Q4. Have you lost something in the December snow?
A4. Yes, the key I needed in order to return.
I have my good days and I have my bad days. Every now and then there’s a break in the blank walls that have become my mind and, like a burst of color, a memory explodes into existence before fading just as quickly. Those are the times that I’m at my happiest, even though the memories never feel real. They always leave me with the sense that I’m watching the film of someone else’s life, disconnected. Still, it’s good to remember, even if it is only for a while.
I don’t remember when it was that I last felt hungry. It’s been years since I ate my last meal, I think. That time, like so much else, remains locked away. Somewhere out there, though, it’s just waiting to be found: the key that I need in order to return. It was the price I had to pay, trading my mind for yours. It’s one that I do not regret, even if I no longer remember who you are. Once I find the key, it will all become clear again. Perhaps I’ll even return to the boy I once was years ago.
All that remains to me now is the snow. In all directions as far as the eye can see, it stretches onward, outward. Colorless, featureless, it offers nothing for me to grab onto, nothing to engage, nothing to help me to remember. Its emptiness forces me to cling to those memories, those reminders of who I once was, even more tightly. And yet, even those slip through my grasping fingers, vanishing again into nothingness, slipping into that wintery wasteland. I’ve even grown to accept the possibility that I’m only reliving a single remembrance over and over again, forgetting each time it passes.
There’s a picture that I find in my pocket from time to time. It helps me to continue forward. There’s a man and a woman with two boys standing together. They look like a family. I want to believe that one of the boys in the picture is me, but I have no way of knowing which one. It’s been so long since I’ve seen a mirror that I’ve forgotten what I once looked like. After years of wandering these white barrens, though, I’m not sure that I’d recognize myself even if I could remember who I once was.
There is one thing I can remember: her eyes staring into me as I sacrificed my mind locking her away. I don’t sleep as often as I should because of those eyes. They wait for me when I’m at my most vulnerable. They remind me every time I drift off that she’s out there still, biding her time within her frozen prison. When I see those eyes, I can’t remember what she did to us, but I know that she’ll do it again when the next child foolishly breaks those seals as we did. I was the only one who could stop her then, back when I was still whole. I don’t know who will stop her the next time, not unless I can find the key.

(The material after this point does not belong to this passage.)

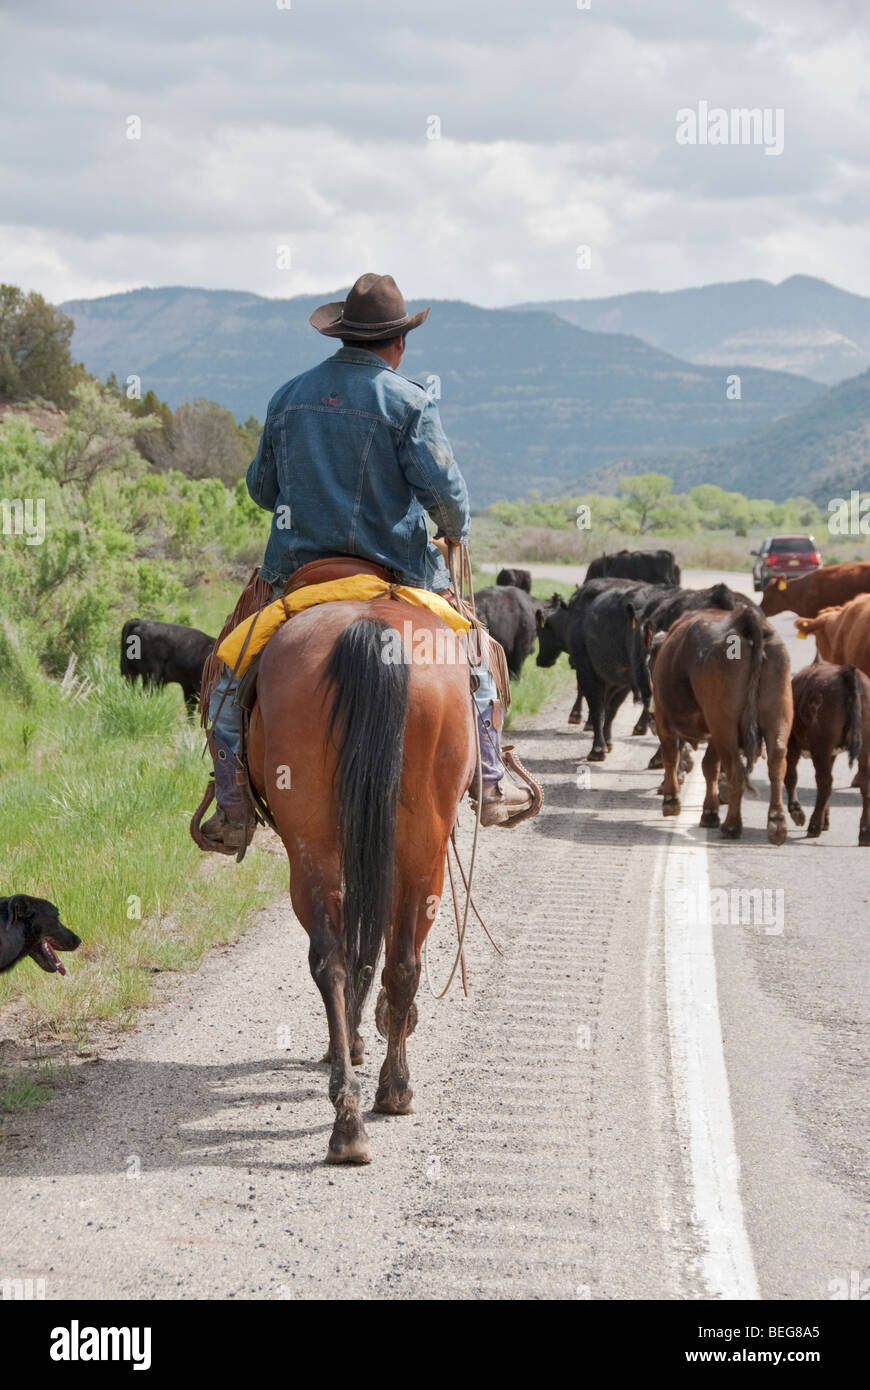 cowboy on horseback using rope to drive cattle along a public highway in western Colorado cattle dog assisting Stock Photo

I know that the key represents the way home. It is the missing piece needed to make my mind whole once again so that I may return. Without it, I am left to uselessly wander these snowy fields, praying that I will not be too late, struggling desperately to unravel the mystery of me. Though I search with frozen hands, I make no progress, the whole world looking the same. I worry that I may have dug at this exact spot before. Perhaps it’s the only spot I’ve ever searched. I wouldn’t know. I can’t remember.
This time feels different, I think, as my hand touches cold metal. I pull the key from the snow. Already the new flakes begin to fill the hole that I’ve made. The key is large, awkward in my hands, a product of a long ago era. It feels like nothing my hands have ever touched and, in an explosion of color, I remember everything. The world around me becomes crystal clear... and I know that I can never return.
Numbed fingers trembling, I place the key back into the hole, stand, and walk away. The memories begin to fade again into emptiness and not for the first time. This is a pattern I’ve repeated many times before, remembering each time the reason that I can never leave. She lives inside me. I’ve locked us both away, deep in the furthest depths of my mind, completely isolated in the dancing snow. I close my eyes and she is there, staring, waiting, biding her time until she is set free. Already, the only memory that remains are her eyes watching every time I blink.
Blink.
I’m surrounded by snow, stretching onward, outward in all directions. I choose a spot at random and begin to search. Somewhere out there is a key--the key that I need in order to return.